● **Supplied material**
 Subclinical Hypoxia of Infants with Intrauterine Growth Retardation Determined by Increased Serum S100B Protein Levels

==

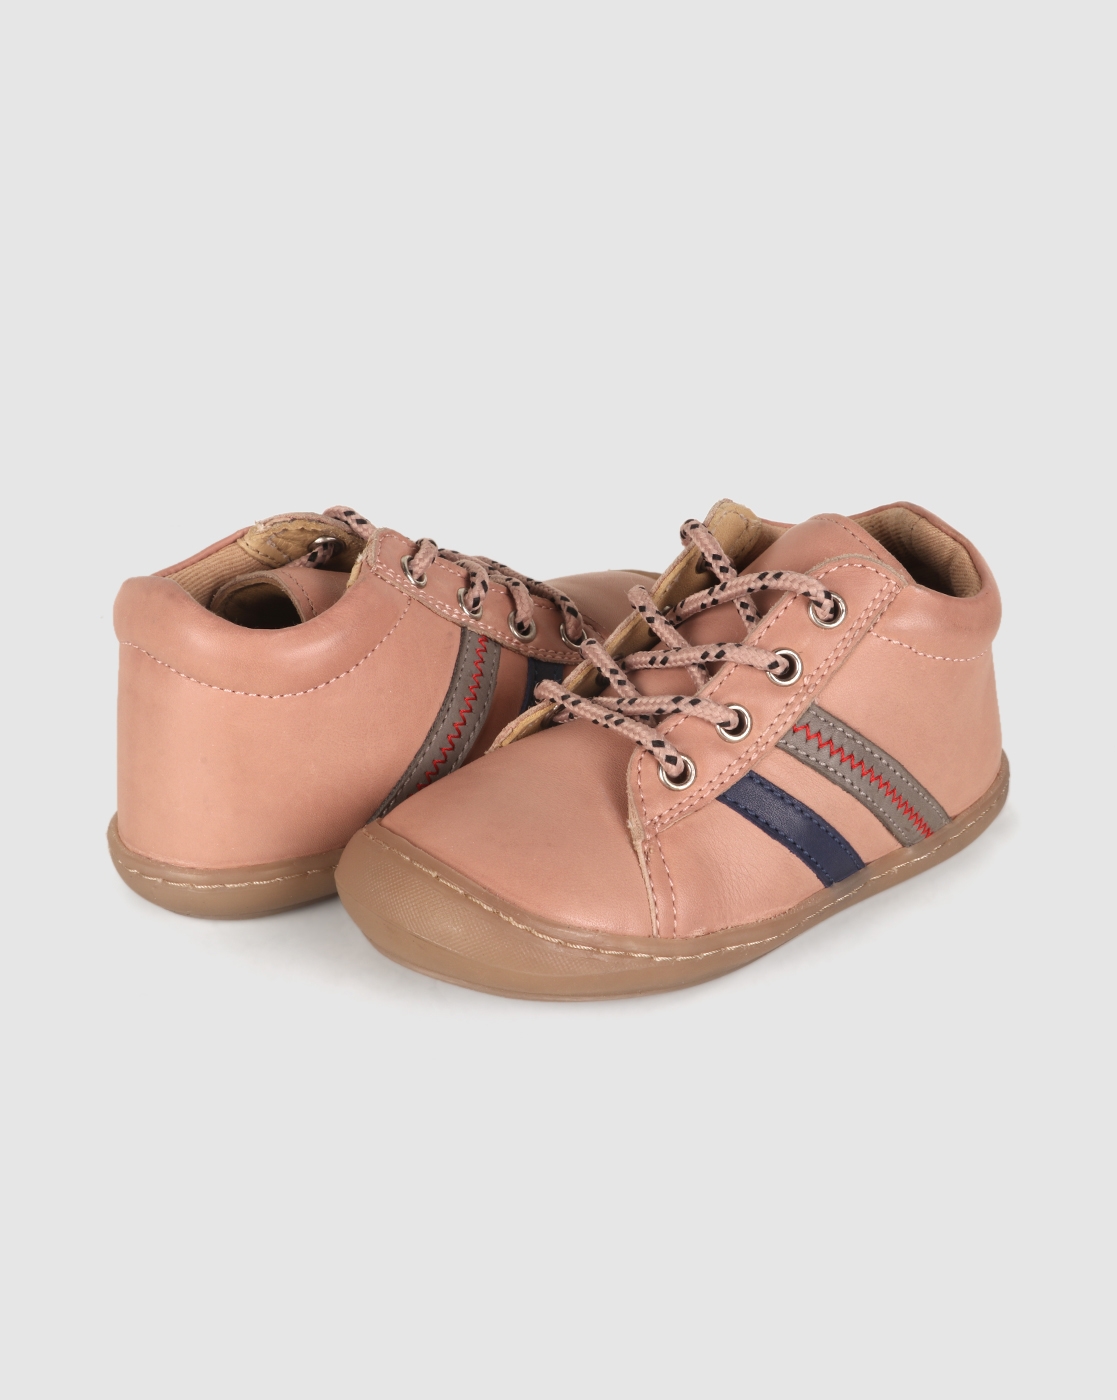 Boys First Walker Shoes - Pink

...

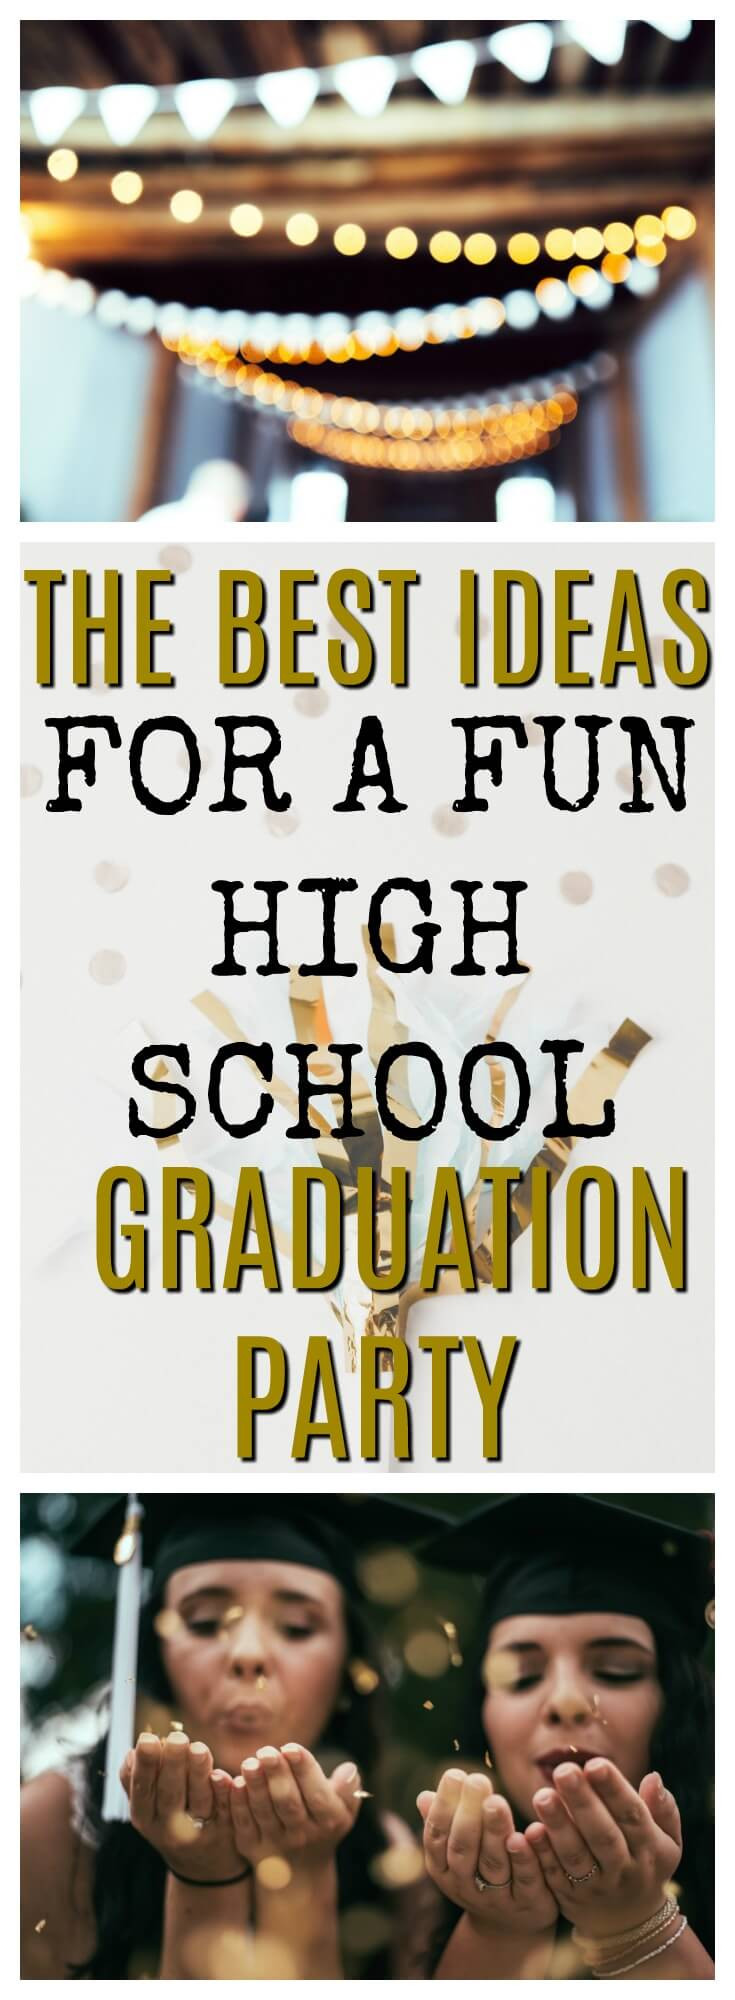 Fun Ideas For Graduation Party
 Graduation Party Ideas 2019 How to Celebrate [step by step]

● **Exercise directions**
Above are the records; copy exactly the lines from the one with "Fun Ideas For Graduation Party" through the one with "Graduation Party Ideas", including both, and nothing more. Leave out pictures.

● **Final answer**
 Fun Ideas For Graduation Party
 Graduation Party Ideas 2019 How to Celebrate [step by step]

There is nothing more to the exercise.